Against this backdrop, the rapporteur said it is impossible to describe Turkey as a state governed by the rule of law or to speak meaningfully about its EU candidacy. European leaders, he added, now treat Ankara less as a candidate country and more as a “strategic partner.” He urged the Turkish government to choose whether it genuinely wishes to move closer to the EU’s political community or to focus narrowly on security cooperation. While noting that cooperation on trade, security and migration continues, he stressed that EU membership requires meeting democratic standards rather than merely aligning on interests.

Sánchez Amor said practical engagement could still advance on files such as modernizing the EU-Turkey customs union, visa liberalization, migration management and post-war reconstruction efforts in Gaza. Those dossiers, he emphasized, fall under neighborhood and partnership ties, not accession. “The EU is a club of democracies,” he said. “Its founding principles are not drones, weapons or military power, but an independent judiciary, a free press and respect for fundamental rights.”

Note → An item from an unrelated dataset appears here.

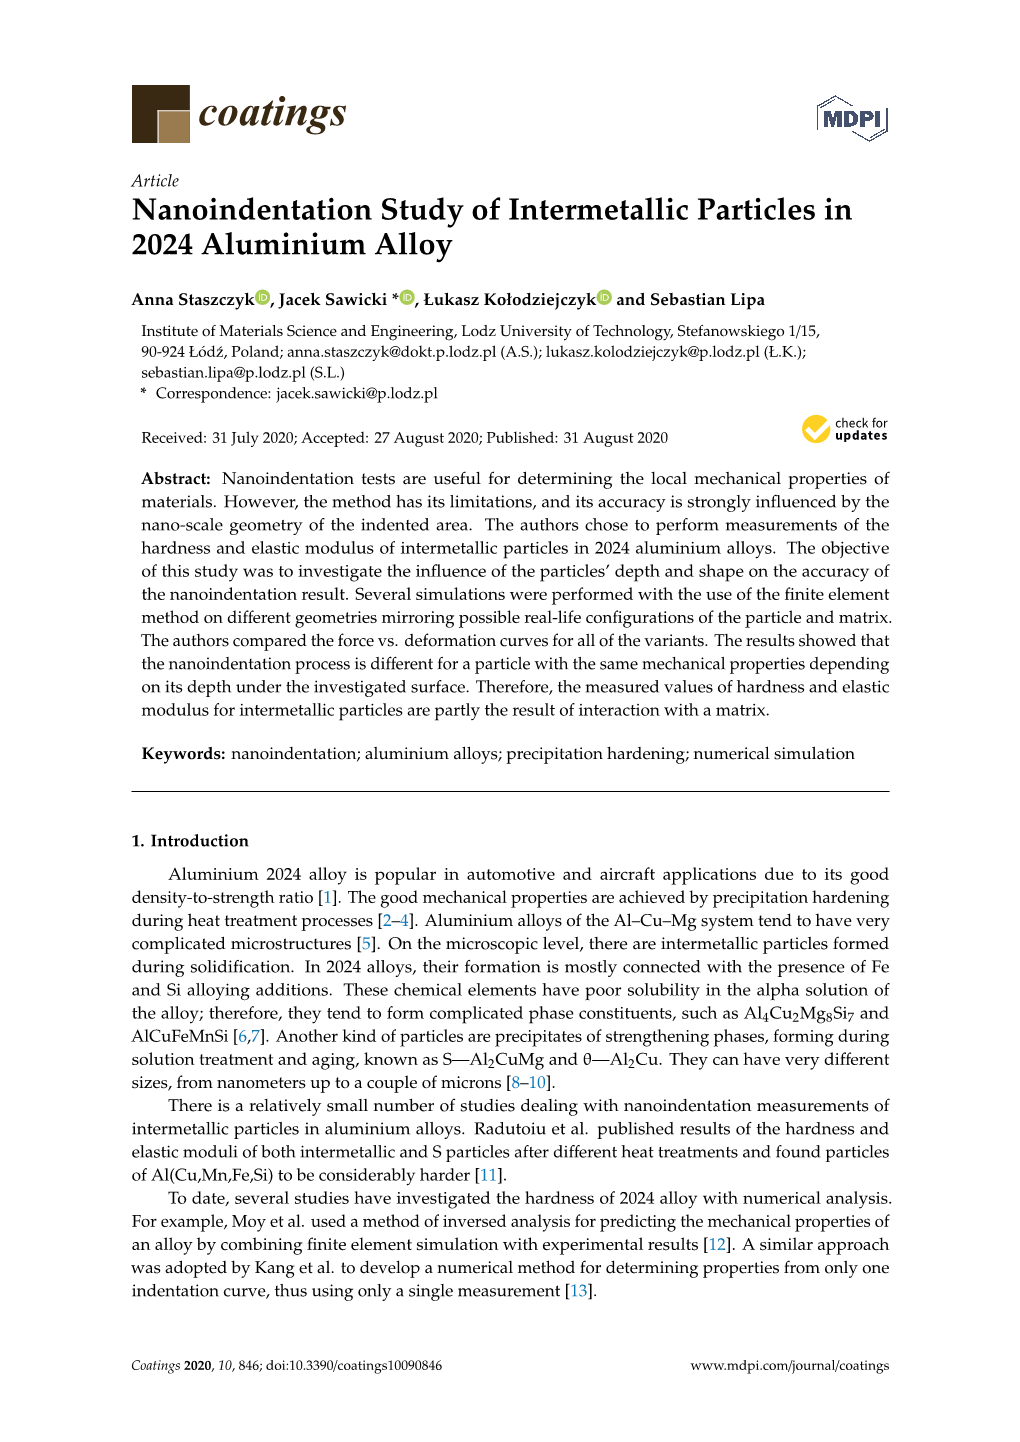 Nanoindentation Study of Intermetallic Particles in 2024 Aluminium Alloy

Ankara has long rejected accusations of politically motivated prosecutions and insists its judiciary acts independently. But Sánchez Amor’s remarks, amplifying the Commission’s findings, underscore a widening consensus in Brussels that without a demonstrable reversal—freeing opposition figures, implementing ECtHR judgments, restoring judicial independence and easing pressure on media and civil society—Turkey’s accession path will remain at a standstill.